A threshold of around 4 seems to be used by many SpamAssassin users, so you may wish to start there and adjust it if you are not happy with the results. A more conservative approach for those who are concerned with nonspam messages being filtered as likely spam would be to start with a threshold of 10 and adjust down if too much spam is still getting through to the inbox. After running with the initial threshold for a while, by observing how much spam is still making it through to your inbox and scanning your likely spam folder for any legitimate messages being misfiled, you should be able to judge whether a higher or lower value is better for you. You should then adjust the threshold by a small amount (we would recommend only one or two points at a time) and again observe what the results are.
In this way, you should gradually arrive at a threshold, which is best for you and the particular character of the email you receive. This will be different for different users, but we would imagine that typically many people would arrive at a threshold of between 5 and 10. You should also be able to develop some feel for how often you need to check your likely spam folder for any misfiled nonspam messages. This might be several times a day, or it might be every other day, but we would not recommend that you entirely ignore the contents. For one thing, there is always the chance of nonspam ending up there. For another, it will grow and eat into your disk quota, so will require periodic cleaning out.
You may have regular sources of mail such as mailing lists, company announcements, or notifications from services such as Amazon or Ebay, which send you messages that tend to score highly. Having such messages mixed into your general mail flow may require you to use a higher spam threshold than you might like, in order to avoid them being filed in your likely spam folder. This results in more spam getting through to your inbox. If you could trap these messages before they reached the spam test, you might be able to lower your spam threshold and keep more spam out of your inbox. If the mail filtering software you use allows, this can be achieved by filtering such messages prior to the spam test, or by specifying messages that are not tested at all.

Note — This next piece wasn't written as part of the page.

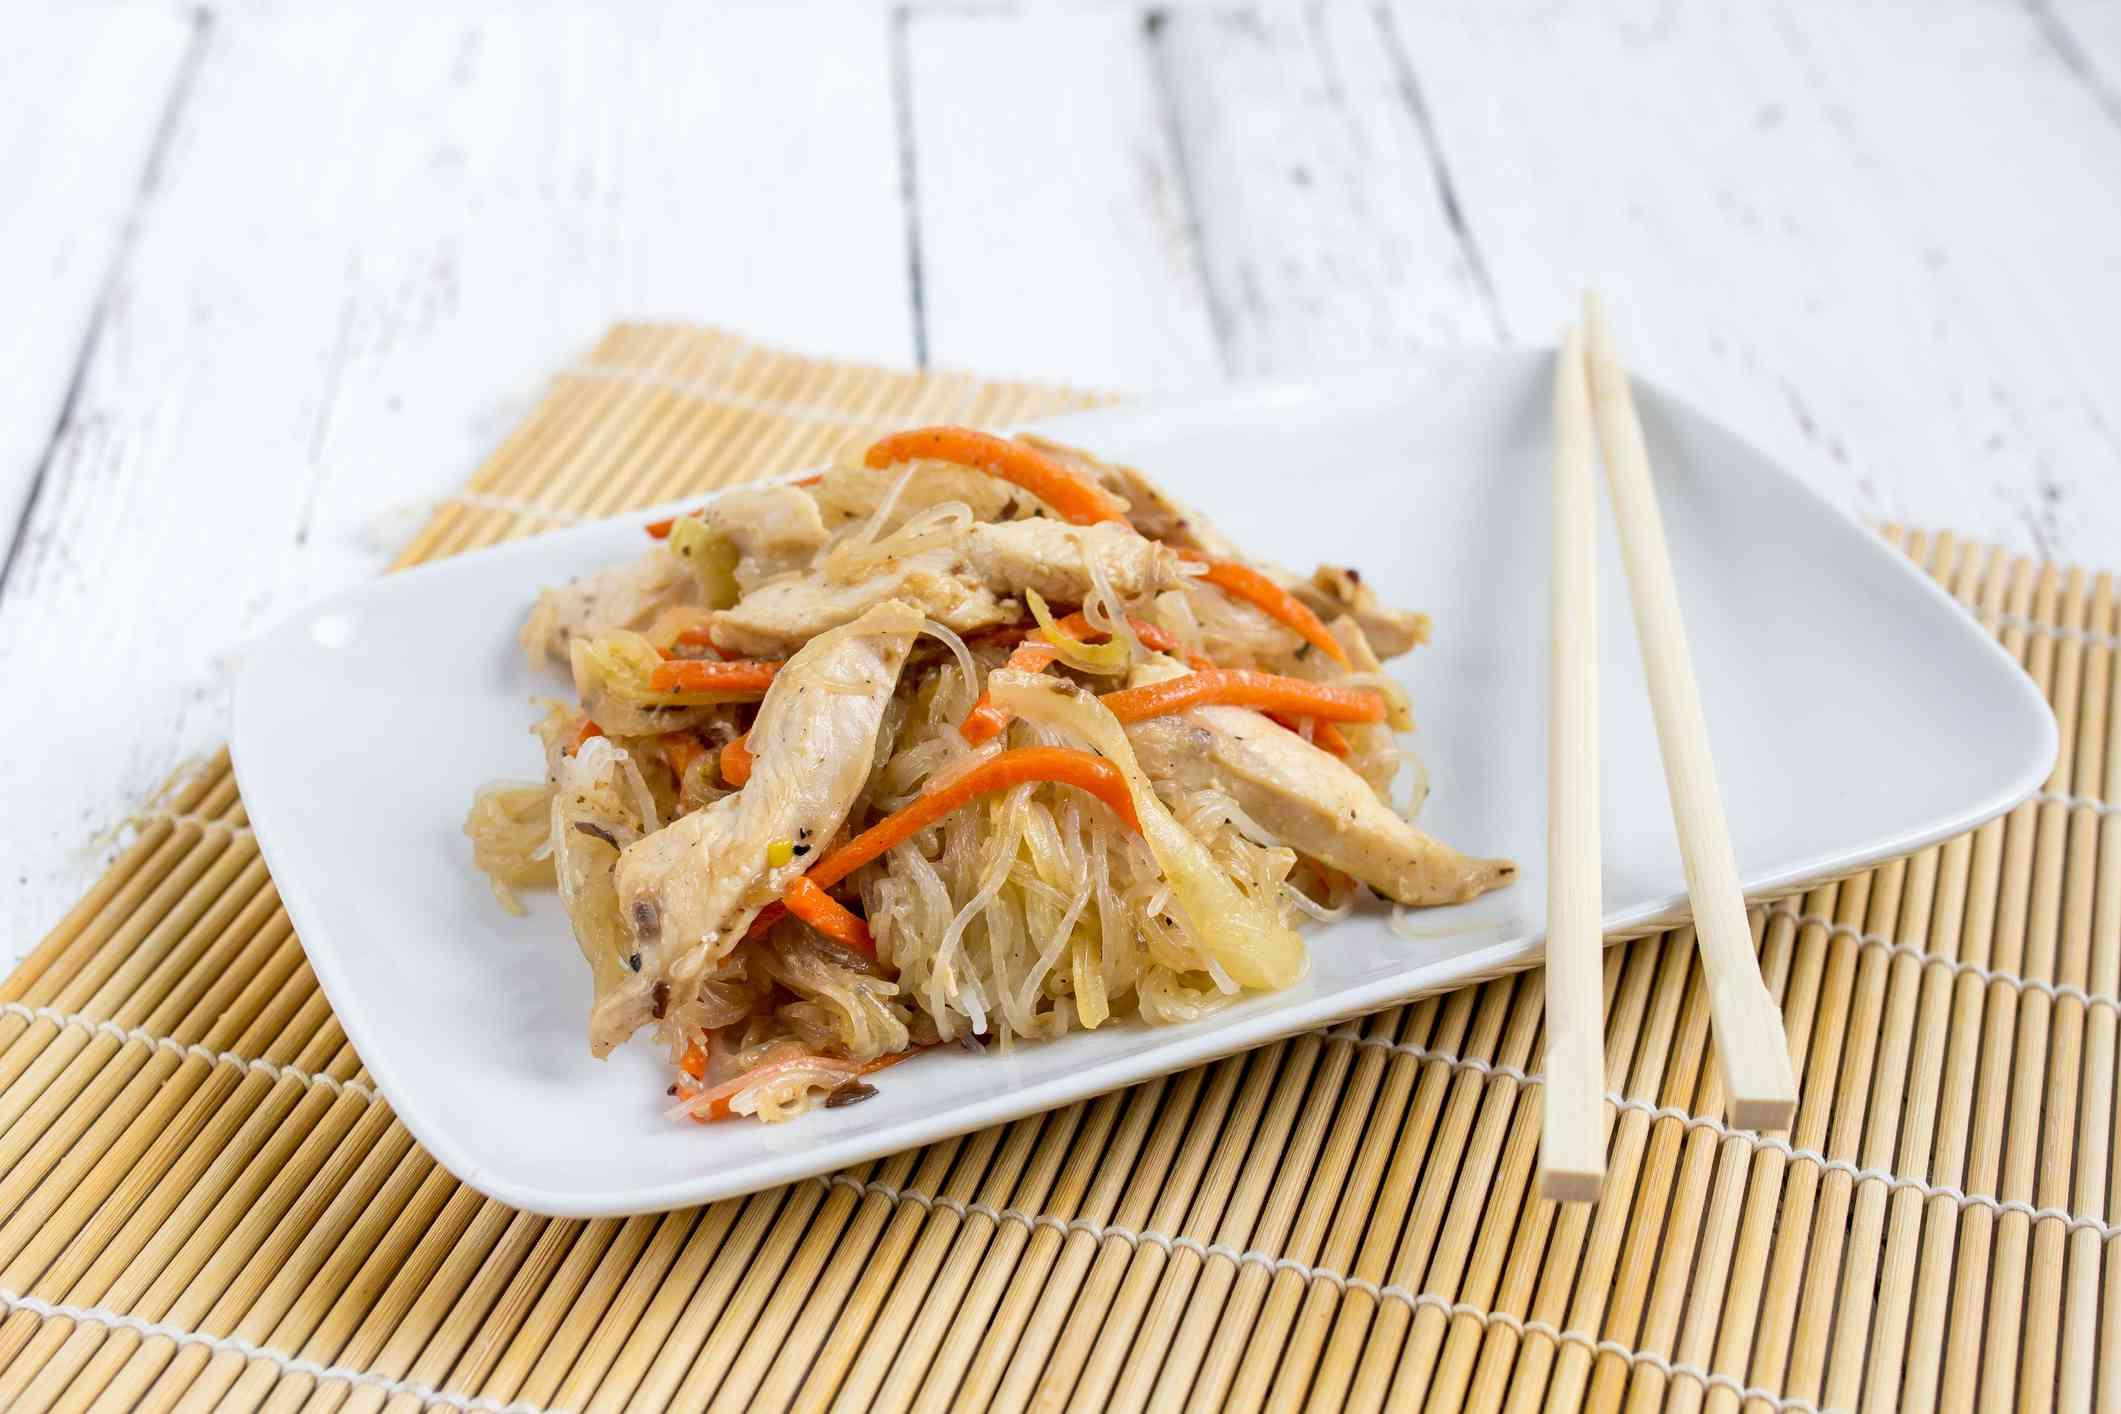 Chapchae (Stir-Fried Korean Noodles) on a white plate with chopsticks

The general technique is to install filtering rules for such mail before the point where high scoring messages are filtered to your likely spam folder. If you use a powerful filtering agent such as procmail on Unix servers or those provided by some mail clients, this would work in exactly the same way as rules you may already have for filing mailing lists in separate folders. These rules are installed before the rule that tests the spam score. See the documentation for your filtering client.
If you use the IMP webmail interface for the staffmail or sms servers, a simplified facility known as whitelisting (the opposite idea to that of a blacklist) is provided. This allows you to specify that mail from certain addresses is not tested for its spam score and so is never filtered to the likely spam folder. Such messages may of course be subsequently filtered by another rule.